The new Miles not only has a refreshed body and energy, and takes care of himself physically, but has a sense of wonder un-dulled by the price that life extracts. And that makes the old Miles envious, puts him back on the fast-track with his advertising firm, and jump-starts Kate’s attraction to her husband again.

But even though new Miles has all the memories of old Miles, he still hasn’t ever experienced them. Living With Yourself subtly draws the line that differentiates Miles and his clone based on actually living life. Maybe at least some of the things we give up—the choices we make, to go one direction rather than another—are worth the cost if they mean being alive in this job, in this marriage, in this life.
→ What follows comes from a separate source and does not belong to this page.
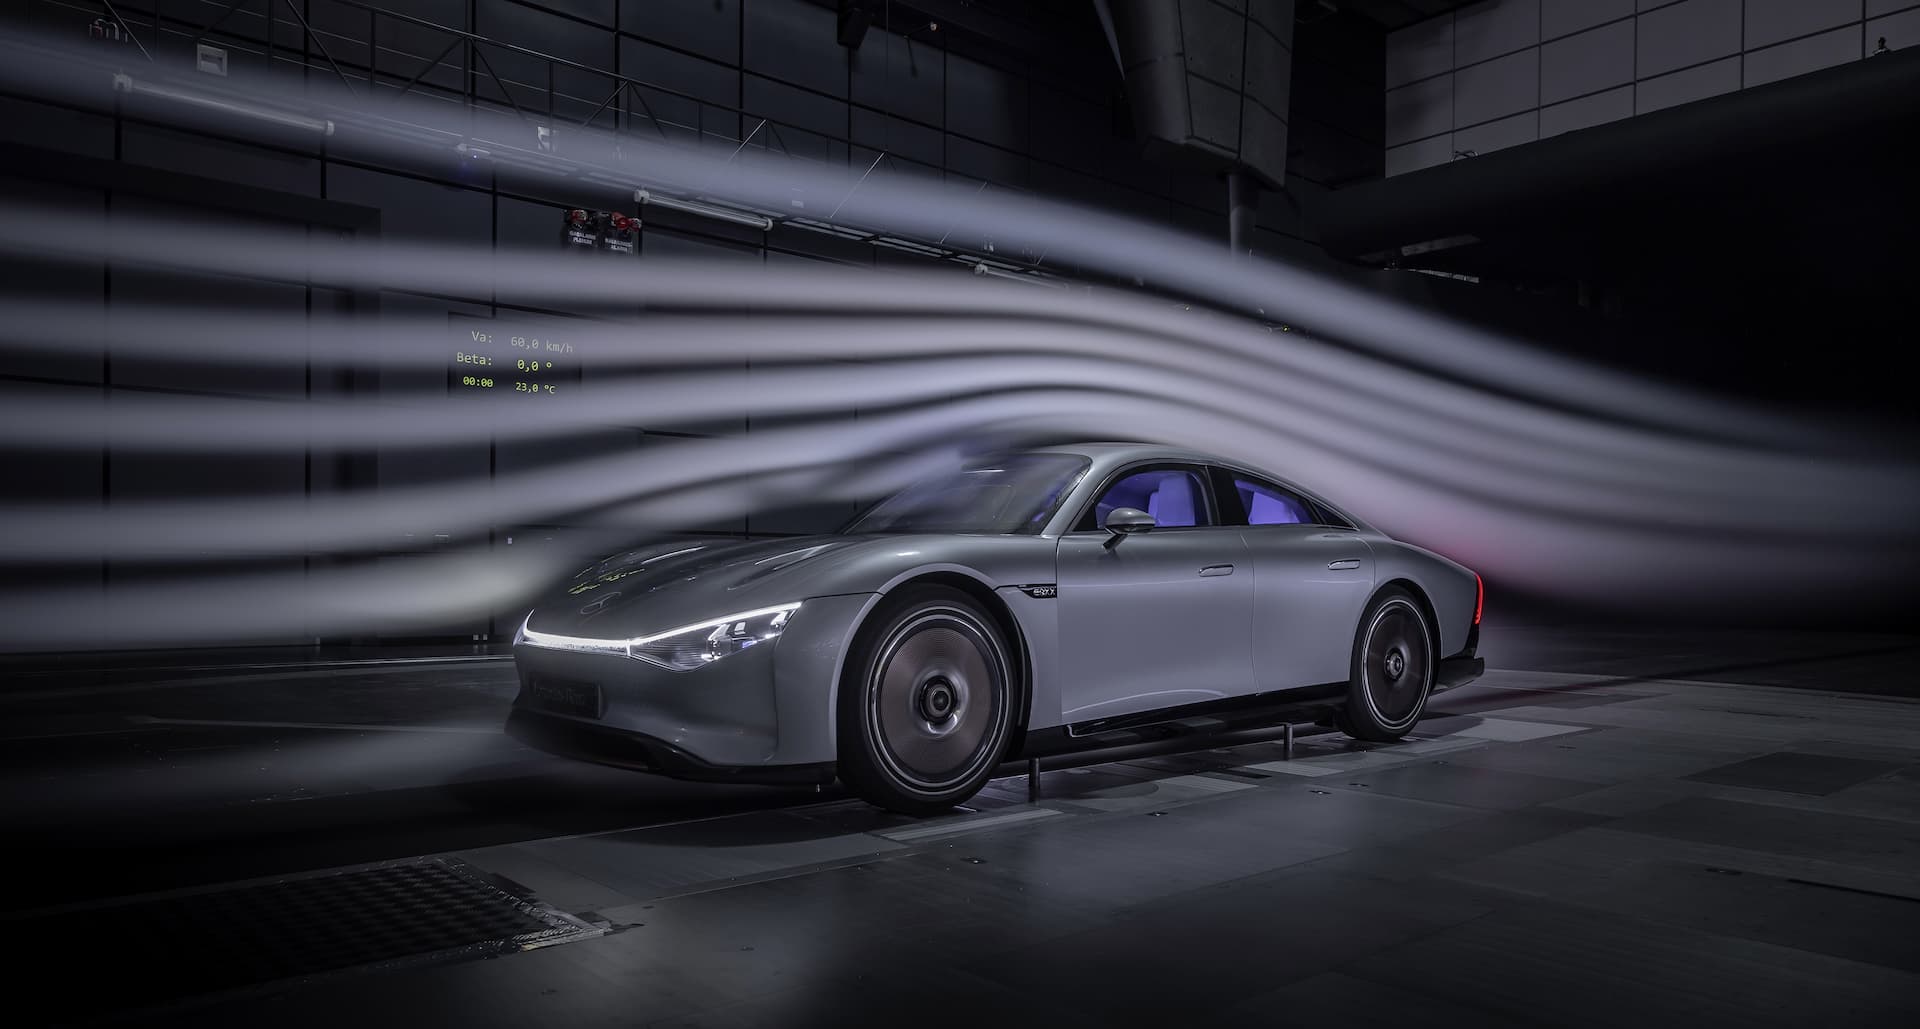 Mercedes-Benz EQXX concept in wind tunnel testing

In a way, new Miles only seems to have the better situation of the two. Both Kate and old Miles are forced to consider why they married this person and chose to pursue this path of employment, rather than another. They both have to reckon with what they want versus what they think they want.

Beyond that, the show raises existential questions not only of who you are, but what a human being is. What is a clone, and what would it mean to kill a clone of yourself? While speculative (at least for humans, at least for now), it is considering the sober issues beneath the silliness.

I’ll leave the ultimate conclusion of this series of episodes unspoiled, but even though some difficulties are overcome, the tension is designed to continue into another possible season.